- [DATA RECORDS]:
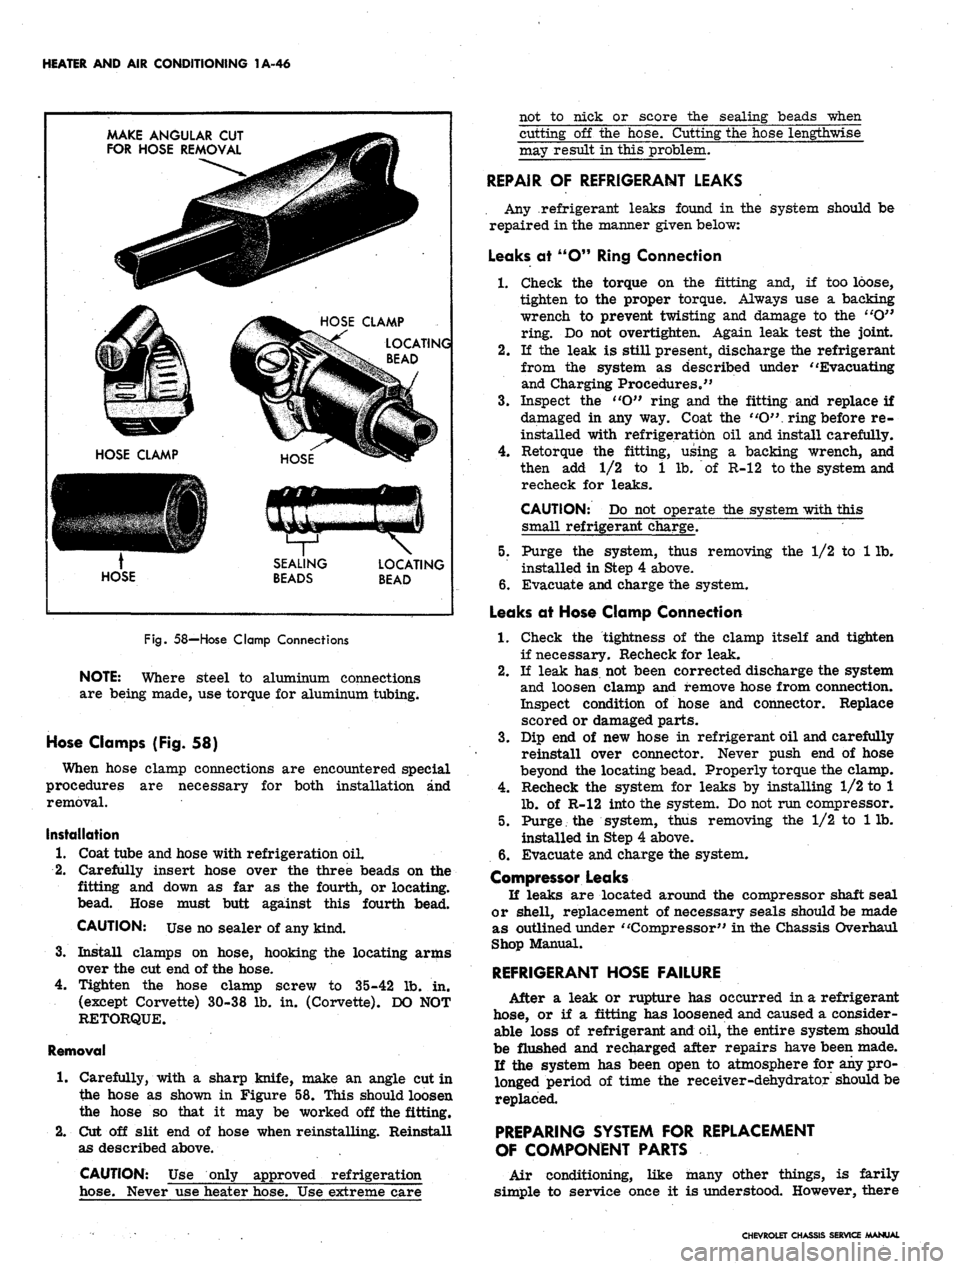 CHEVROLET CAMARO 1967 1.G Chassis Workshop Manual 
HEATER AND AIR CONDITIONING 1A-46

MAKE ANGULAR CUT

FOR HOSE REMOVAL

LOCATING

BEAD

SEALING

BEADS 
LOCATING

BEAD 
not to nick or score the sealing beads when

cutting off the hose. Cutting the h
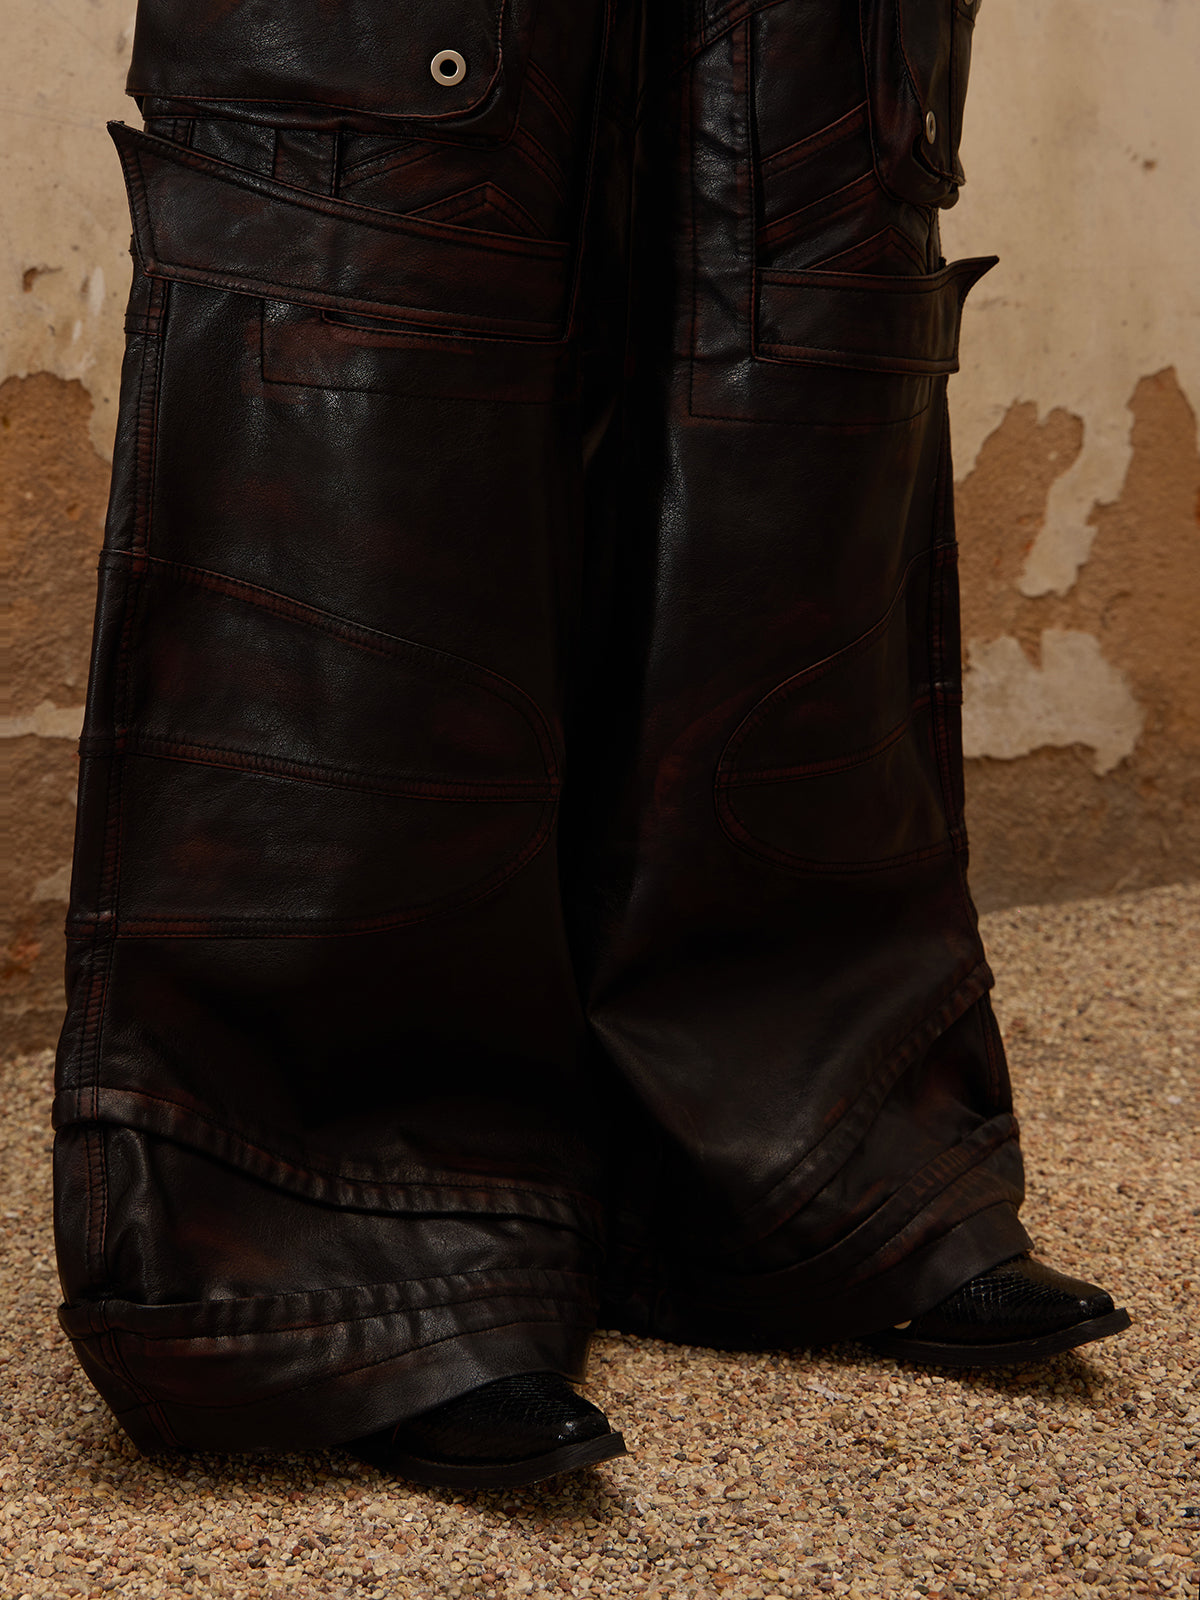 Personsoul Beetle Faxu-Leather Pant

- [EXERCISE AIM]:
I would like the data copied exactly as it stands, with no pictures included.

- [RESPONSE AREA]:
 CHEVROLET CAMARO 1967 1.G Chassis Workshop Manual 
HEATER AND AIR CONDITIONING 1A-46

MAKE ANGULAR CUT

FOR HOSE REMOVAL

LOCATING

BEAD

SEALING

BEADS 
LOCATING

BEAD 
not to nick or score the sealing beads when

cutting off the hose. Cutting the h
 Personsoul Beetle Faxu-Leather Pant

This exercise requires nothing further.